The electron is occasionally captured by a nucleus, giving rise to a neutrino and a recoiling nucleus. Can the muon do this? We measured the process of muon capture—bingo, same process! A high-energy electron beam scatters protons. (This reaction was studied at Stanford.) We measured the same reaction at Brookhaven with muons. A small difference in rates enticed us for years, but nothing came of it. We even discovered that the electron and the muon have separate neutrino partners. And we have already discussed the superprecise g minus 2 experiment, in which the magnetism of the muon was measured and compared to that of the electron. Except for the extra mass effect, they were the same.
All efforts to find a clue to the origin of mass failed. Along the way, Feynman wrote his famous inquiry: "Why does the muon weigh?" Now, at least, we have a partial, by no means complete, answer. A stentorian voice says, "Higgs!" For fifty or so years we have been puzzling about the origin of mass, and now the Higgs field presents the problem in a new context; it is not only the muon. It provides, at the least, a common source for all masses. The new Feynmanian question could be: how does the Higgs field determine the sequence of seemingly patternless masses that is given to the matter particles?
The variation of mass with state of motion, the change of mass with system configuration, and the fact that some particles—the photon surely and the neutrinos possibly—have zero rest mass all challenge the concept of mass as a fundamental attribute of matter. Then we must recall the calculation of mass that came out infinite, which we never solved—just "‹normalized" away. This is the background with which we face the problem of the quarks, leptons, and force carriers, which are differentiated by masses. It makes our Higgs story tenable—that mass is not an intrinsic property of particles but a property acquired by the interaction of particles and their environment. The idea that mass is not intrinsic like charge or spin is made even more plausible by the idyllic notion of zero mass for all quarks and leptons. In this case, they would obey a satisfying symmetry, chiral symmetry, in which their spins would forever be associated with their direction of motion. But that idyll is hidden by the Higgs phenomenon.
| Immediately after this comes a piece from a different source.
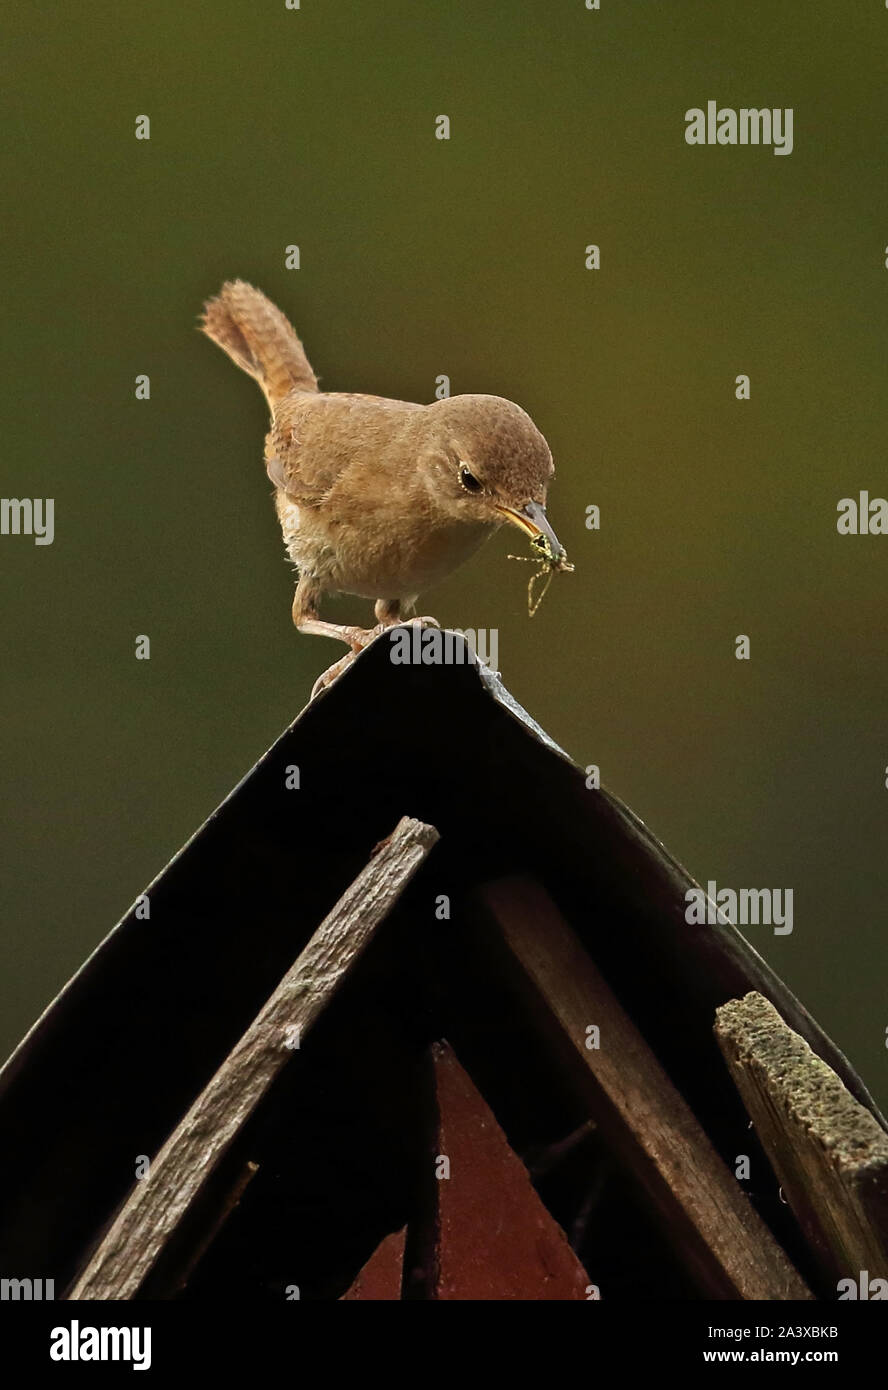 Southern House Wren (Troglodytes aedon chilensis) adult perched on roof approaching nest with spider in bill  Puyehue National Park, Chile Stock Photo

Oh, one more thing. We talked about gauge bosons and their one-unit spin; we also discussed fermion matter particles (spin of one half unit). What breed of cat is the Higgs? It is a spin-zero boson. Spin implies directionality in space, but the Higgs field gives mass to objects at every location and with no directionality. Higgs is sometimes called a "scalar [no direction] boson" for that reason.
THE UNITARITY CRISIS
Much as we are intrigued by the mass-endowing attributes of this new field, one of my favorite theorists, Tini Veltman, rates that job of the Higgs far below its major obligation, which is nothing less than making our standard model consistent. Without Higgs, the model fails a simple test of consistency.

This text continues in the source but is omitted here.